Any reason why a separate system might be better over dual alternator and batteries thinking of long term investment and power needs??
But as for your question above: why a separate "house" system may be better, I can think of a couple of reasons:

1) In my world, start batteries are sacred. Would I charge a phone or maybe run a marine fan on low off the start battery? Sure. But something like a furnace seems like it could catch up to you at just the wrong time (cold weather). What I mean is, you could run your start bank down so that you wouldn't be able to start. Having a house bank of some kind leaves the start batteries untouched, so they are always "safe."

2) A separate house bank means one can make it larger, charge it as one sees fit (you have full control vs. Ford meddling), etc. How large it might need to be and what type of system one wants vary according to needs, budget, inclination and the like.

The typical setup ("traditionally") would be a start bank that just starts the engine, then a separate house bank that just runs the house loads. Where the twain may meet is with a charger that takes alternator power and sends it to the house bank when you are driving; but those generally do NOT allow the house to use start-bank power (IOW, when the engine isn't running, there is a "wall" between the start and house banks), so start bank is still sacred.
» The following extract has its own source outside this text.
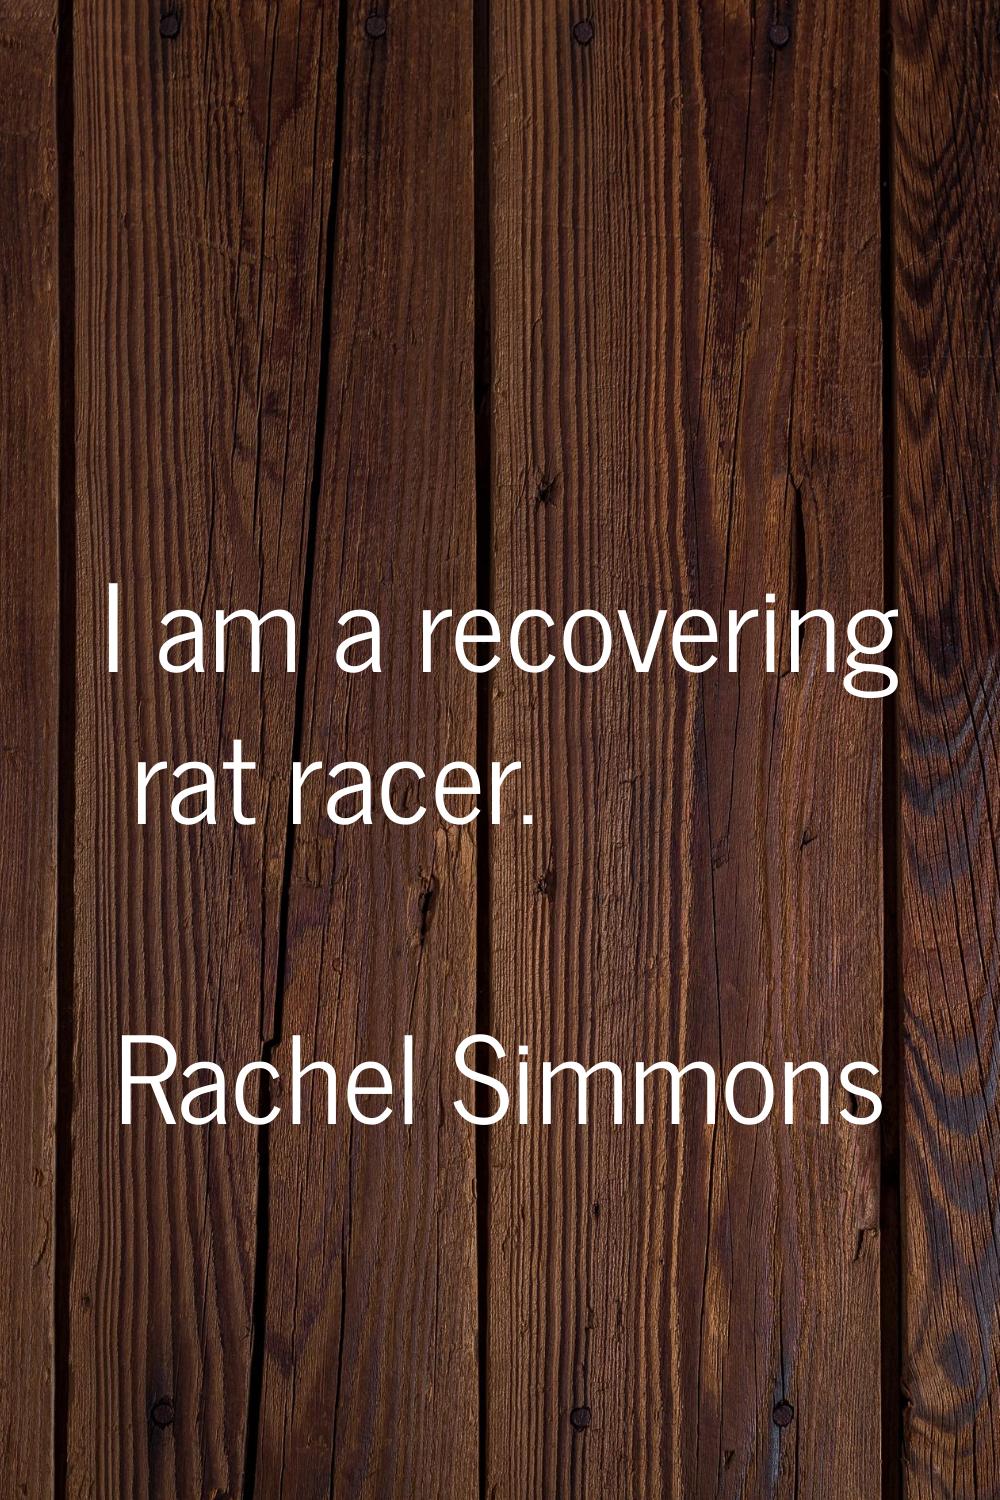 I am a recovering rat racer.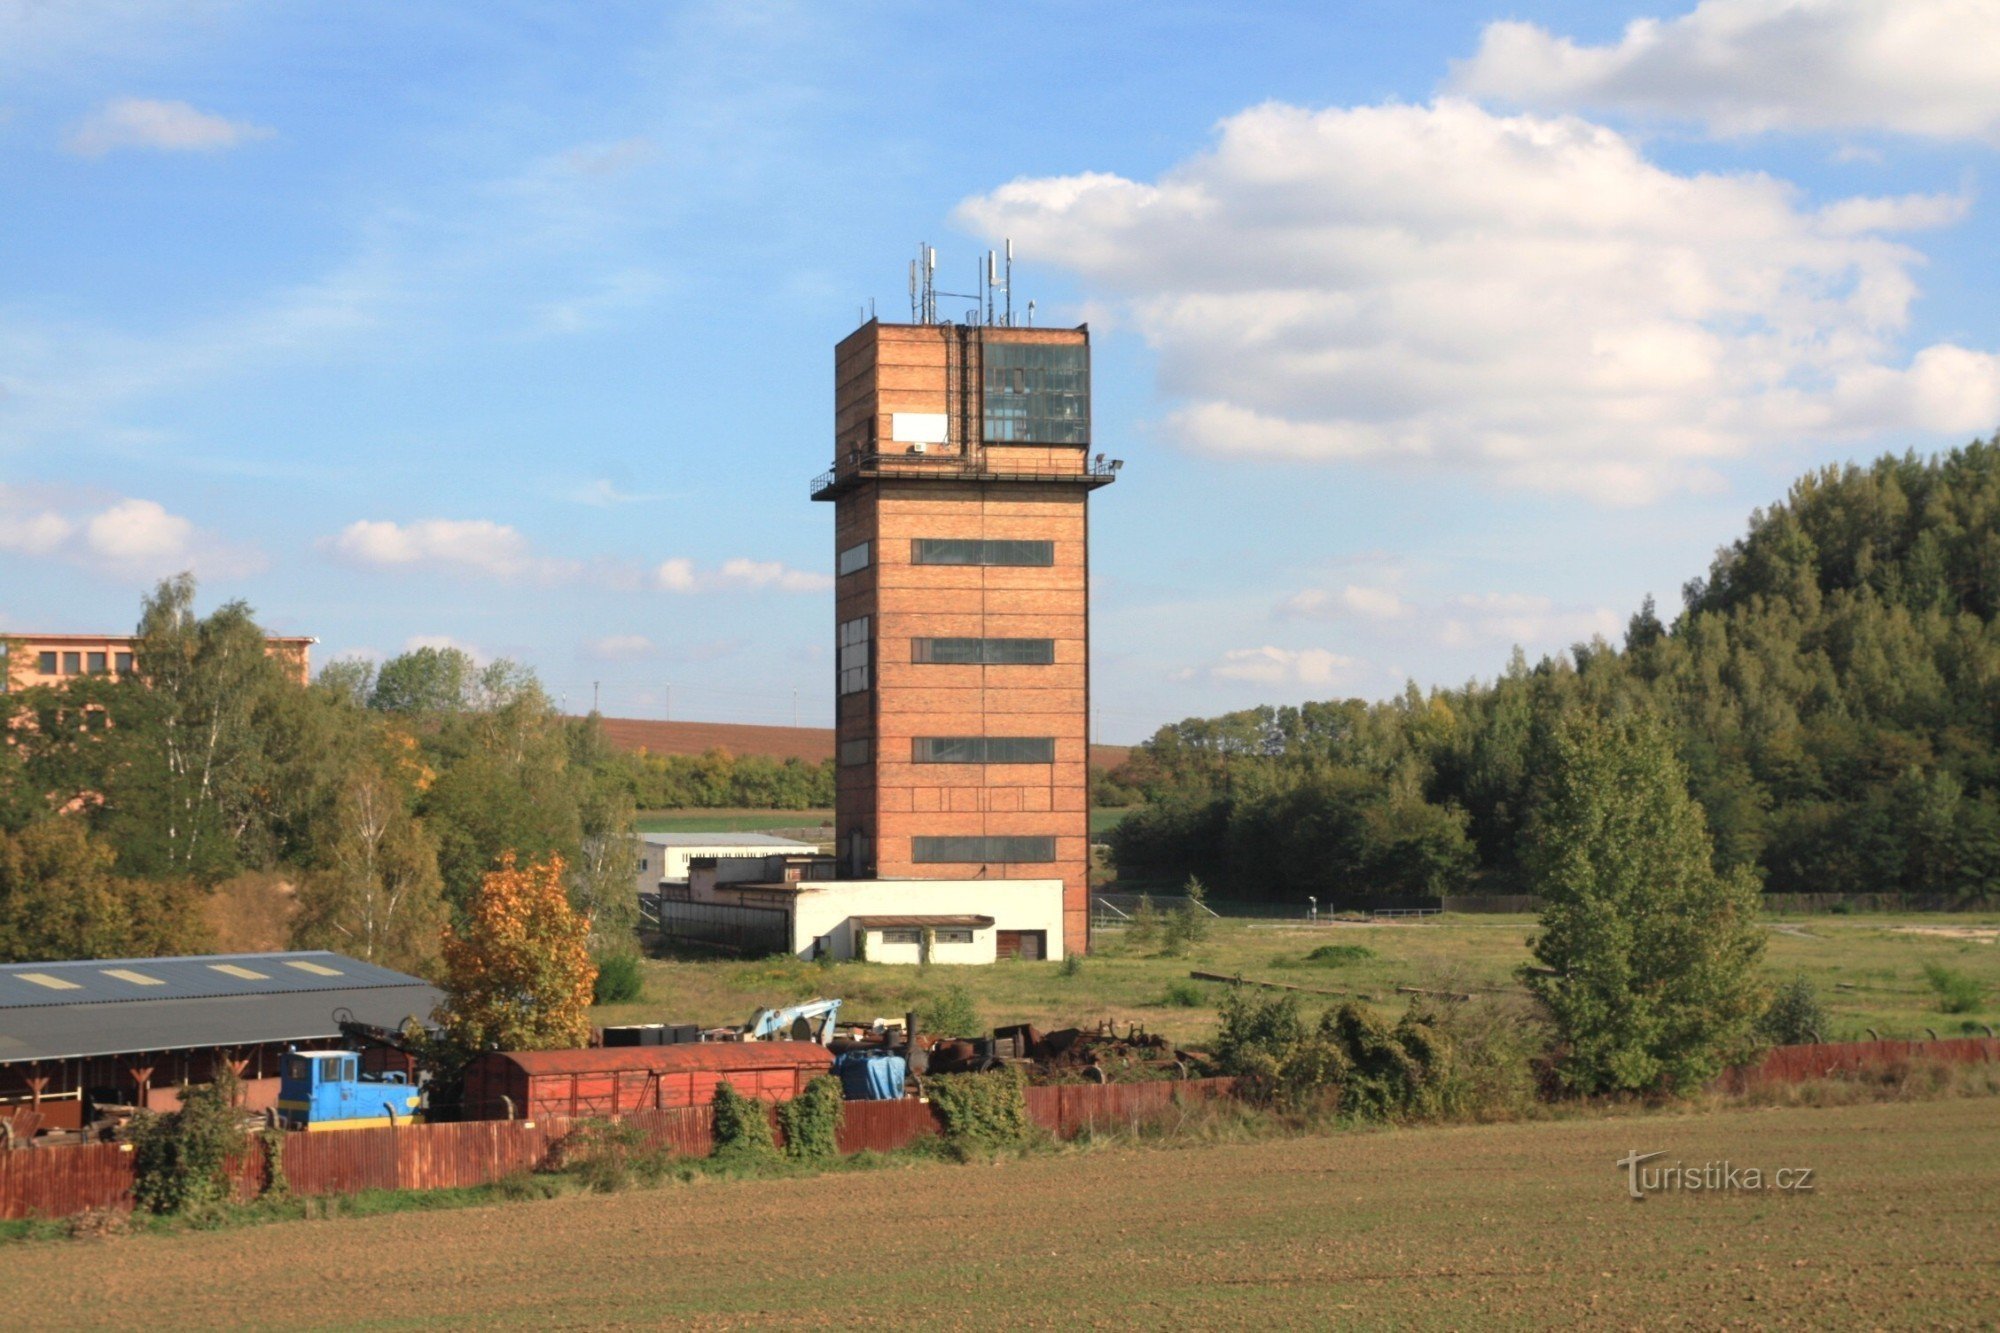 Jindřich-minens minetårn

I said "traditionally" because these days there are other options. Minimal loads, you install monitoring and keep an eye on things, etc.? Maybe just using the start bank for both and carry (and keep charged) a jump pack. Or, there are the all-in-one power banks (Jackery, Goal Zero, etc.) These are newer ideas and may be just fine depending on your use-case (tho the heater would still make me nervous running off the start bank).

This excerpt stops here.